Question about rank of a smooth map.

Suppose $M$ is a compact smooth manifold without boundary of dimension $n$, and given a smooth map $f:M\to \mathbb{R}^n$. Prove that there at least one point $p$ on $M$, s.t. the rank of $f$ on $p$ is smaller than $n$.

Here is my attempt. If all point on $M$ has full rank, then $f$ is a map with constant rank $n$. By rank theorem, every point on $M$ is the image of a section $s_i$. Since $M$ is compact, it's closed, and $f(M)$ is closed by rank theorem. We can choose finite sections {$s_i$}, whose images cover $M$. And the closure of the union of their domains is a manifold with boundary in $\mathbb{R}^n$, which is also $f(M)$. But this is impossible because $M$ has no boundary.

I am not sure about my argument. Hope someone could help. Thanks!

I'm not sure about your argument, at least in this formulation. Of course, the boundaryless assumption is crucial in this statement, but I would rather use a direct argument instead of a contradiction agument.

Recall that if $g : M \to \mathbb{R}$ is continuous and if $M$ is compact, then it has a global maximum. If $M$ has no boundary and if $g$ is smooth, then at this point, say $p$, is a critical point, i.e $\mathrm{d}g(p) = 0$.

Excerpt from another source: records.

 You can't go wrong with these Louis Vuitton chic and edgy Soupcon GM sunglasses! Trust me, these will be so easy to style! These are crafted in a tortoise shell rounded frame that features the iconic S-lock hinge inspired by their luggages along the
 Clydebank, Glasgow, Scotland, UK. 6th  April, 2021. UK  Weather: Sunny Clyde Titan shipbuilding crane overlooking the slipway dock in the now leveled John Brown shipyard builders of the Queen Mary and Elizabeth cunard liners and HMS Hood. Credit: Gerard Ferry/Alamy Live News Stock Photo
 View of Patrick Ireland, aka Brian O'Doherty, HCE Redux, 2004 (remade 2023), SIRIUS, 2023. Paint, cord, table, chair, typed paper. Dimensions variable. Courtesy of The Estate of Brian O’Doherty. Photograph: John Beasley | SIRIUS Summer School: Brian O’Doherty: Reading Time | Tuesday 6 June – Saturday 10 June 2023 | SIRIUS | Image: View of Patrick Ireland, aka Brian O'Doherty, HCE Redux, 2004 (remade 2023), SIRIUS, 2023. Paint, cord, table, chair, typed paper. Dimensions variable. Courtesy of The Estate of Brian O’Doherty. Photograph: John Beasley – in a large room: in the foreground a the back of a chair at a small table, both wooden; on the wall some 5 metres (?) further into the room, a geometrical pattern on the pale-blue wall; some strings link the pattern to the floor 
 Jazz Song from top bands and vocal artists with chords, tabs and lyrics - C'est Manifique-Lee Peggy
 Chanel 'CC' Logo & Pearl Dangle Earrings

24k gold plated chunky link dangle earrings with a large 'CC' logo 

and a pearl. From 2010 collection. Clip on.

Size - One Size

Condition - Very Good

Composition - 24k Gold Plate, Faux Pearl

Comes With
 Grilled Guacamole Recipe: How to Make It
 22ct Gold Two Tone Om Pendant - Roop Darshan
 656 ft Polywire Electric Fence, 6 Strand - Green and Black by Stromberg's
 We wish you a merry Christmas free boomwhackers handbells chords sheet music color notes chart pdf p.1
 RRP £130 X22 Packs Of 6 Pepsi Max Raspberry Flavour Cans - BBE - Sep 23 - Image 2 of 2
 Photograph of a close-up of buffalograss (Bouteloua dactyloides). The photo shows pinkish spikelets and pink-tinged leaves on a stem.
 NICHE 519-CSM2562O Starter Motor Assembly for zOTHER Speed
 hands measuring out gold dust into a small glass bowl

Write the function $f$ as $ f = \left(f_1,\ldots,f_n\right) $ where $f_i : M \to \mathbb{R}$ is smooth. Then in this way of writing things $$ \mathrm{d}f = \left(\mathrm{d}f_1,\ldots,\mathrm{d}f_n \right), $$ and the rank of $\mathrm{d}f(x)$ at a point $x$ is at most the sum of the ranks of each $\mathrm{d}f_i(x)$. As $M$ is compact and $f_1$ is continuous, it achieves its maximum at a point $x \in M$. As $M$ is without boundary, at such $x \in M$, $\mathrm{d}f_1(x) : T_xM \to \mathbb{R}$ is the zero linear function ($x$ is a critical point of $f_1$). Thus, at $x$, the rank of $\mathrm{d}f(x)$ is at most $n-1$.

Edit Here is a proof by contradiction that looks a -very little- bit like yours. Suppose $f : M^n \to \mathbb{R}^n$ is smooth, with $M$ compact without boundary. Suppose by contradiction that for every $x \in M$, the rank of $\mathrm{d}f(x)$ is $n$. By the inverse function theorem, $f(M)$ is open in $\mathbb{R}^n$. But as $M$ is compact, $f(M)$ is compact, hence closed in $\mathbb{R}^n$. Thus, $f(M)$ is open and closed, an non-empty: by connectedness, $f(M) = \mathbb{R}^n$. But $M$ is compact, so is $f(M)$, which leads to a contradiction.

Your argument looks roughly ok, but there are simplifications that can be made that will make this cleaner. First of all, $f(M)$ is compact simply because $M$ is. Choosing a point of $f(M)$ of maximal distance from the origin, it must be a boundary point. At this point, $f$ fails to be a local homeomorphism, and so it will fail to have full rank somewhere (for the reasons you already stated).